Location
- P. Albano Street, Turayong 2 - Cagayan Valley Cauayan, Isabela Philippines
- Coordinates: 16°56′19″N 121°46′38″E﻿ / ﻿16.9387°N 121.7773°E

Information
- Former name: Cauayan National High School
- Type: Public Secondary School
- Motto: Aim High City High
- Established: 1997
- Principal: Eddie C. Reyes, Secondary School Principal II
- Campus: Cauayan
- Color(s): Blue, Yellow
- Nickname: CCNHS-Main
- Publication: Ang Kawayan (Filipino), Greenhills Echo (English)
- Affiliation: Department of Education
- Website: wwwcauayancityhigh.edu.ph

= Cauayan City National High School =

Public school in Isabela, Philippines

The Cauayan City National High School - Main is a public educational institution established in Cauayan, Isabela, Philippines. It was founded on June 3, 1997, as an extension of Cauayan Polytechnic College, now Isabela State University-Cauayan Campus.

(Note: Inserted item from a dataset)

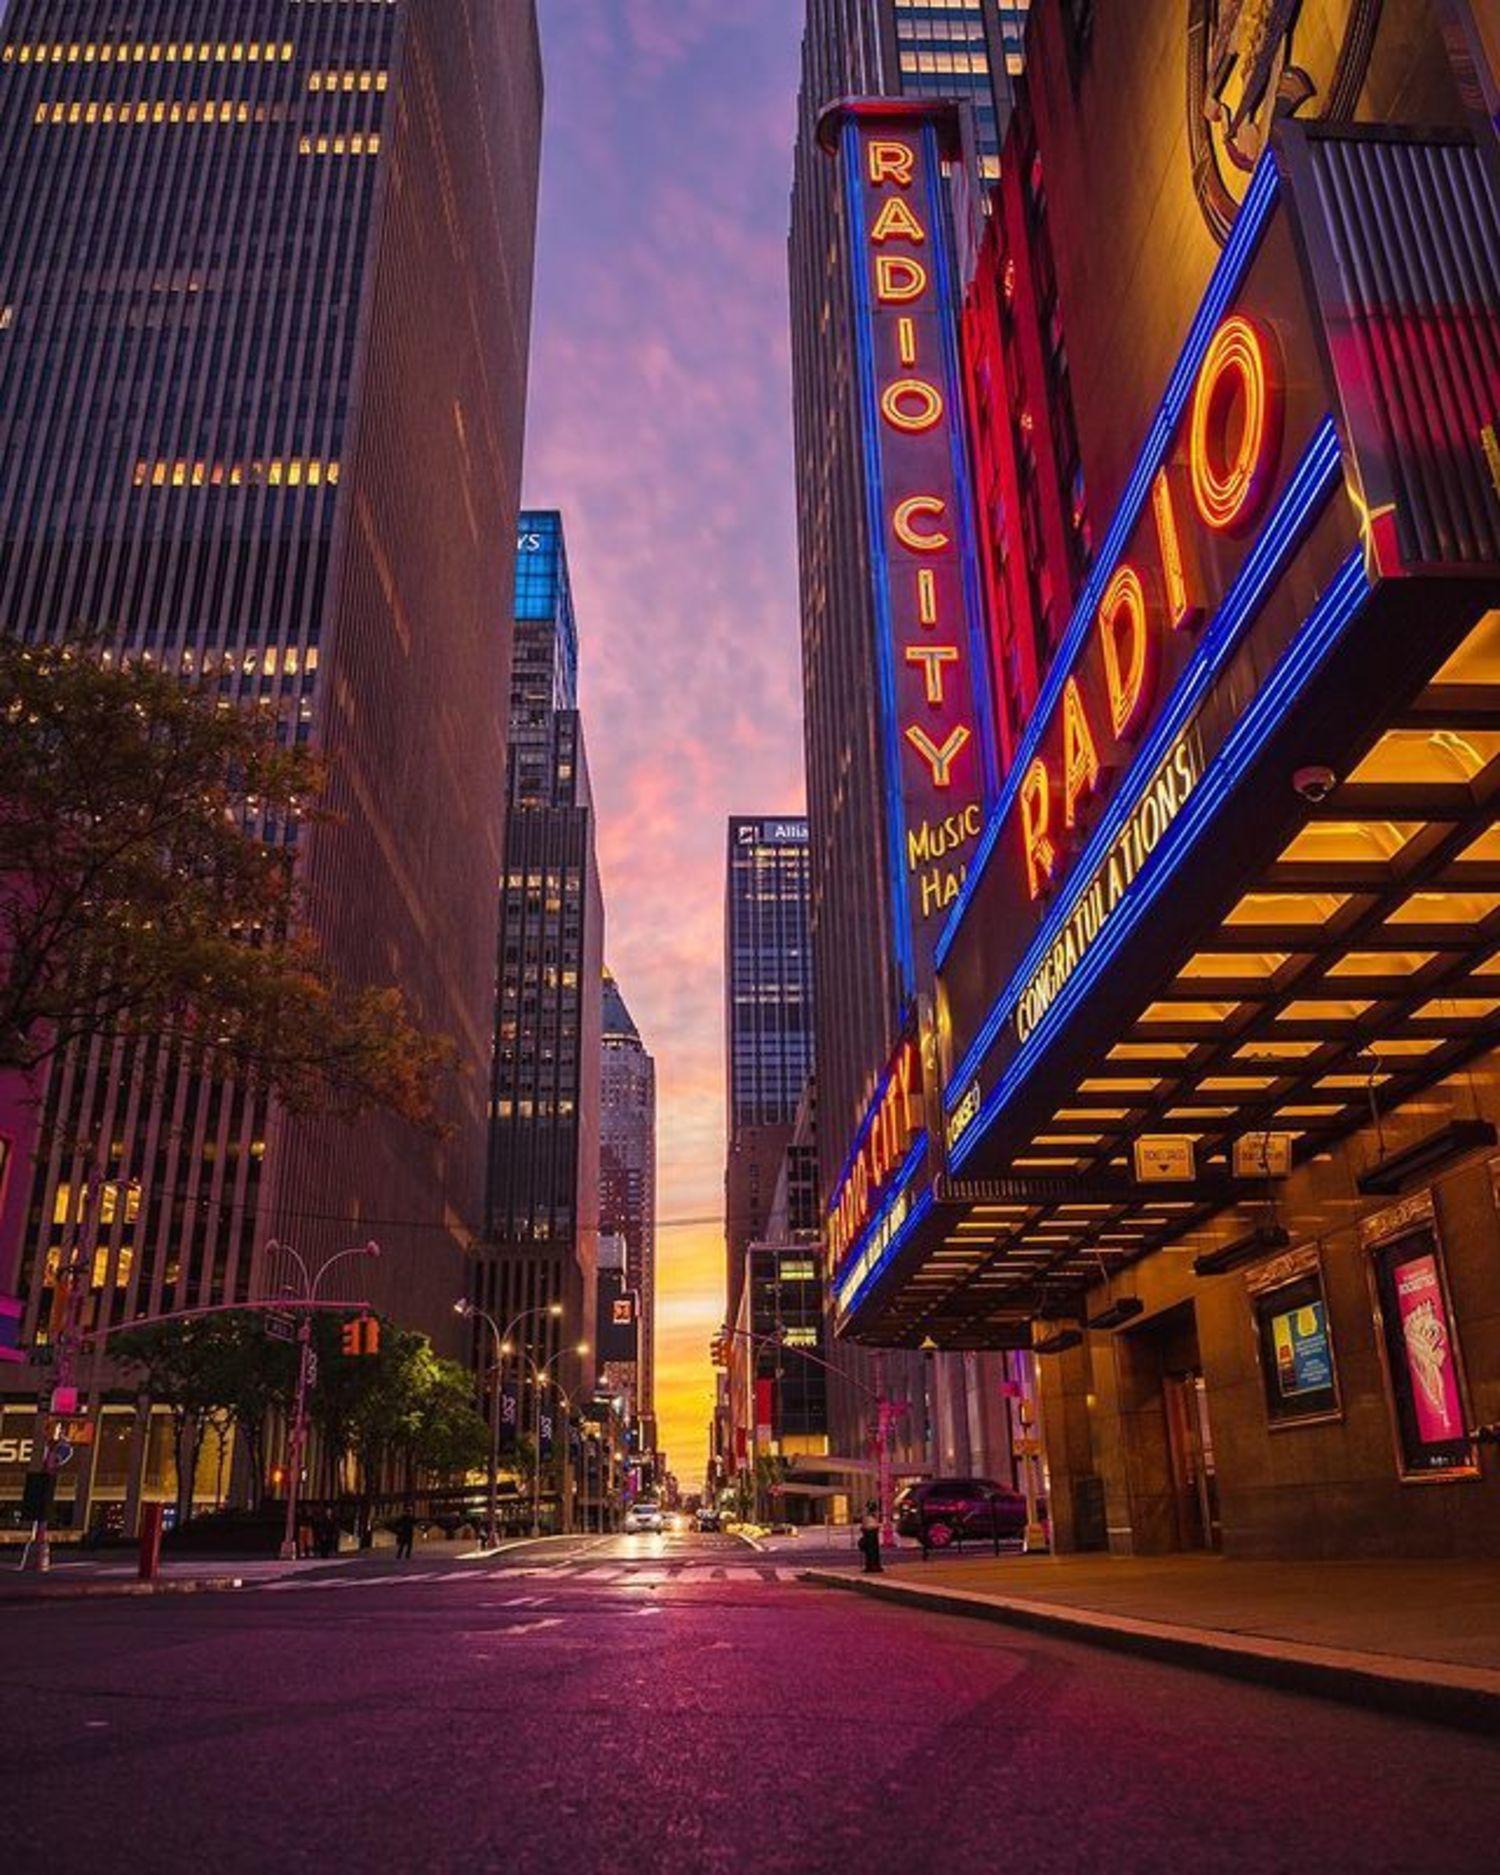 Radio City Music Hall, 6th Avenue, Midtown, Manhattan

It was formerly named Cauayan National High School since its inception and was later renamed to its present name when Cauayan, Isabela became a city on March 30, 2001. In 2013, Cauayan City National High School won as the greenest school in the Philippines.

== Administration ==
The school is under the administration of the Department of Education (DepEd) Schools Division of Cauayan. Mr. Eddie C. Reyes, Secondary School Principal II, has been serving as the newly assigned principal of Cauayan City National High School since June 30, 2025.

Since the start of the school year 2022-2023, Cauayan City National High School - Main has transitioned its Senior High School Department to an independent institution, now known as Cauayan City Stand-Alone Senior High School. This change has allowed the school to operate autonomously, with John R. Mina, PhD, serving as its Secondary School Principal IV.

== Education programs ==
Cauayan City National High School has educational programs for students for the following curriculum:
- Science, Technology, and Engineering Curriculum (STE)
- Special Program in Arts (SPA)
- Special Program in Sports (SPS)
- Special Program in Journalism (SPJ)
- Special Program in Foreign Language (SPFL)
- Basic Education Curriculum (BEC)
- Science, Technology, Engineering and Math (STEM)

The school is currently implementing Grades 7 to 10 in accordance with the K to 12 program of the Department of Education.